There are many areas to be explored in order to fully understand and appreciate the long-term effects of the latchkey lifestyle. Although sample sizes in several studies were small, some findings were less pessimistic about ultimate outcomes. In one study, it was suggested that there are little differences between supervised and unsupervised 10-year-old children in academic and social/personal adjustments. In another study, unsupervised girls were more likely to have cognitive deficits than unsupervised boys or supervised girls; however, teachers were unable to identify the child in self-care on the basis of academic achievement, classroom behavior, or absenteeism.

It has been assumed but not documented, that unsupervised children were more delinquent, accident-prone or in need of psychological referrals than supervised children. As noted, several articles suggest that children in self-care were more likely to be highly fearful and have nightmares. Methods for coping with fears included: hiding in a closet, under the bed or in the shower, checking the house repeatedly, staying after school in order to avoid going home, and using the television excessively, (the television viewing time for latchkey children was almost double that for supervised children). Latchkey children and their parents worry about emergencies and security ... does this ultimately take a psychological toll in the child's development?

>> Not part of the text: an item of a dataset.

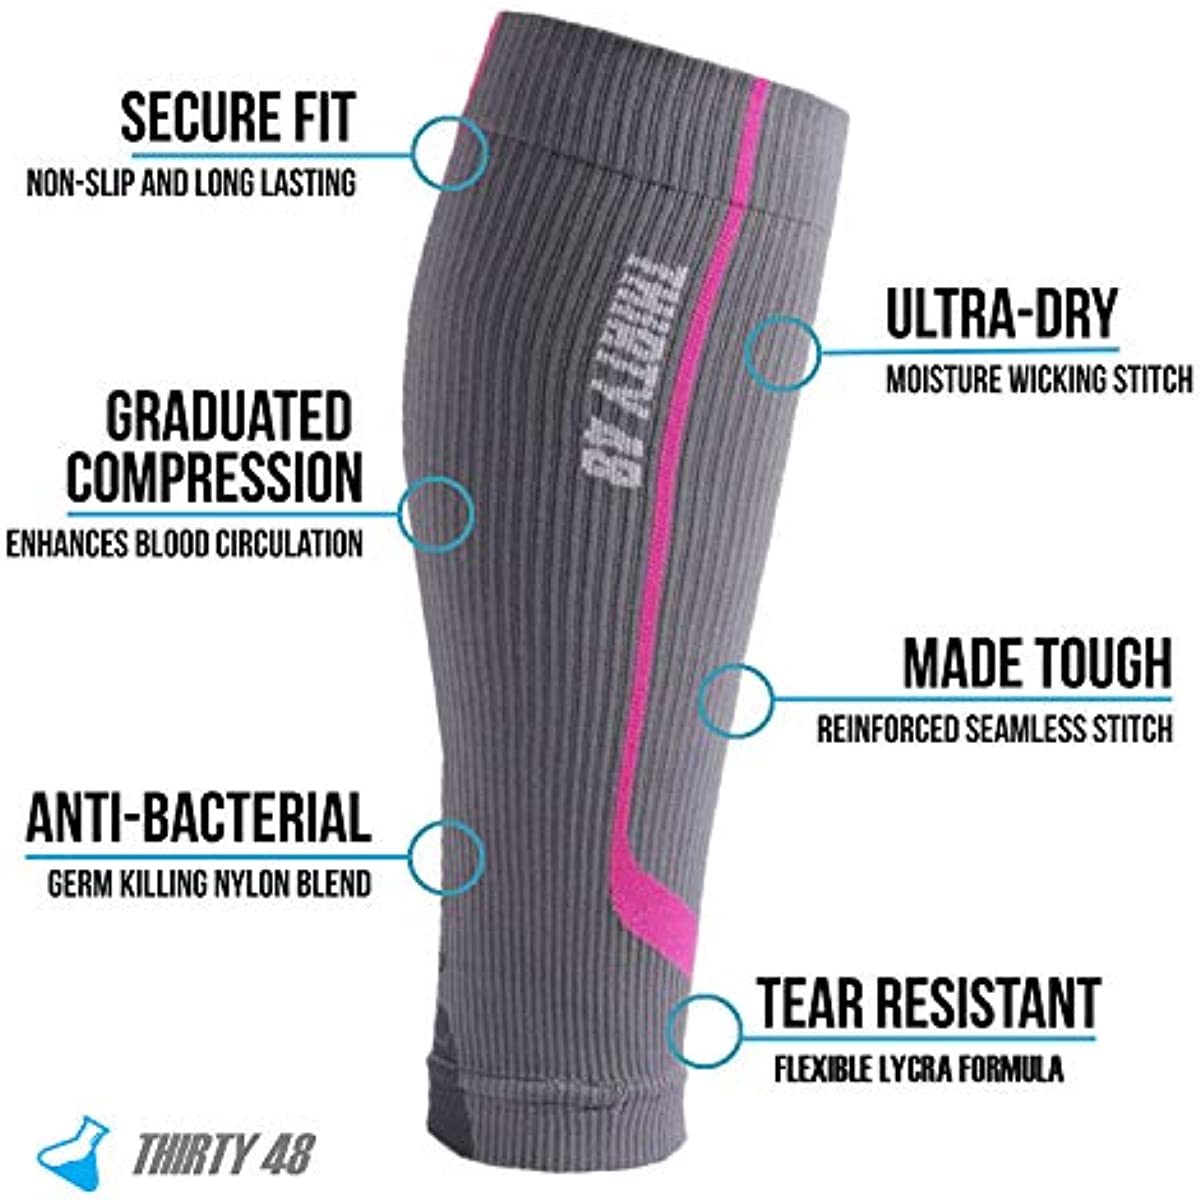 Graduated Compression Sleeves by Thirty48 Cp Series, Calf/Shin Splint Guard Sock; 1 Pair; Maximize Faster Recovery by Increasing Oxygen to Muscles; Great for Running, Cycling, Walking, Basketball, Football Soccer, Cross Fit, Travel; Money Back Guarantee Gray/Pink Small
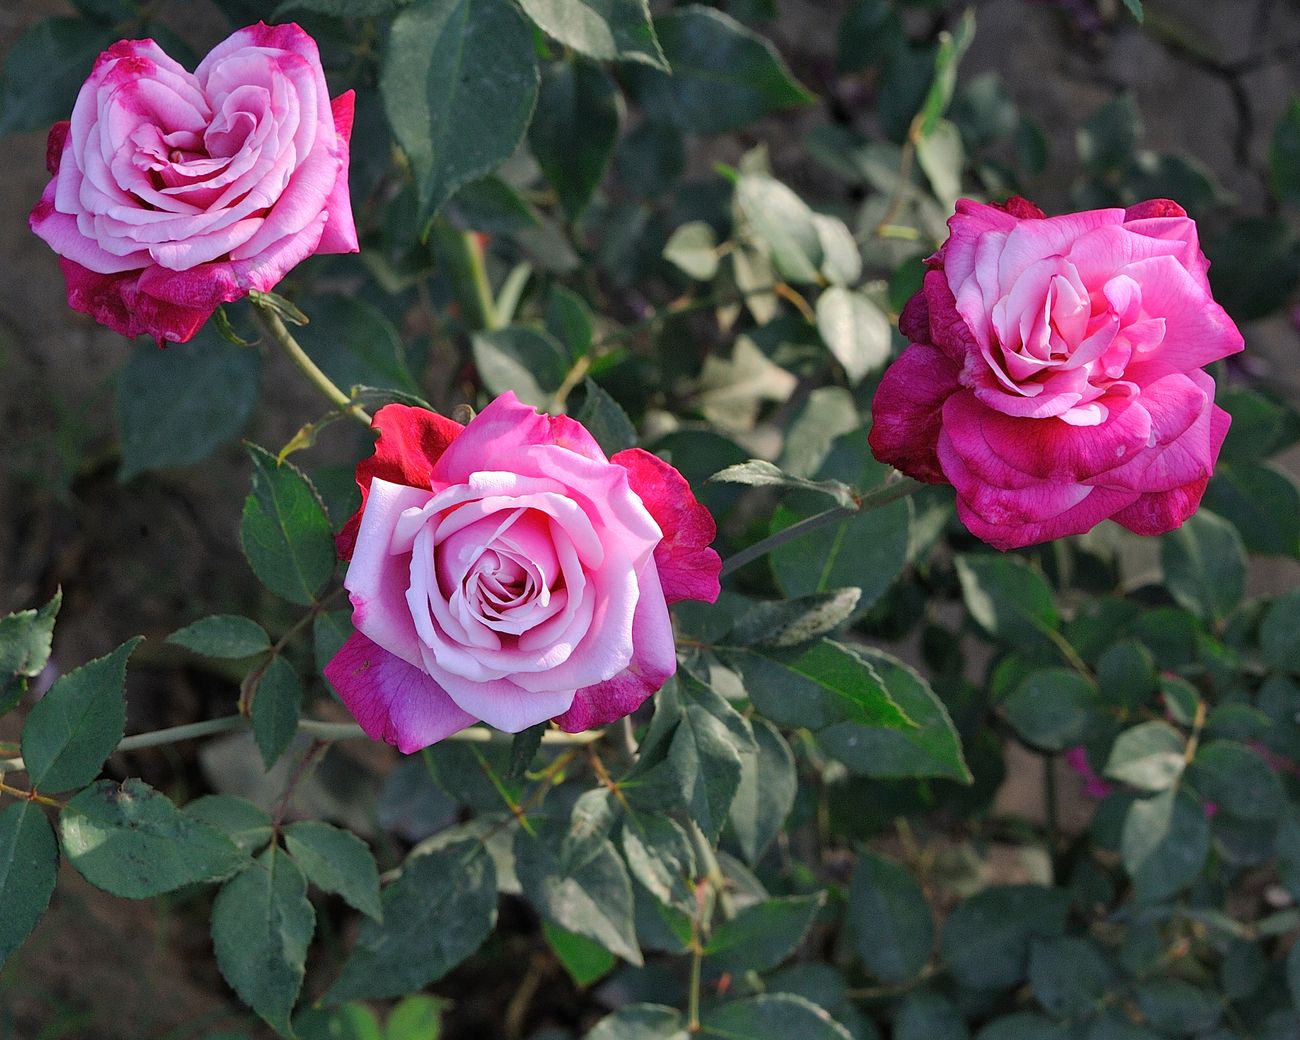 Pink roses blooming during the spring season in the otherwise scorchingly hot weather of Delhi

A "menu" of palliative strategies have been recommended:

  • keep schools open until later in the evening
  • transport latchkey children to the nearest Y or community center
  • make work-hours for parents more flexible for a parent
    ---- as yet, no panacea is available!

As more and more children are unsupervised during the parents working hours, and as society remains an environment characterized by violence, with the media contributing a menu of violent themes ... the child recognizes their vulnerability. In face of the changing nature of societal values and behaviors, are we keeping pace with the psychosocial needs of the "latchkey child at risk"?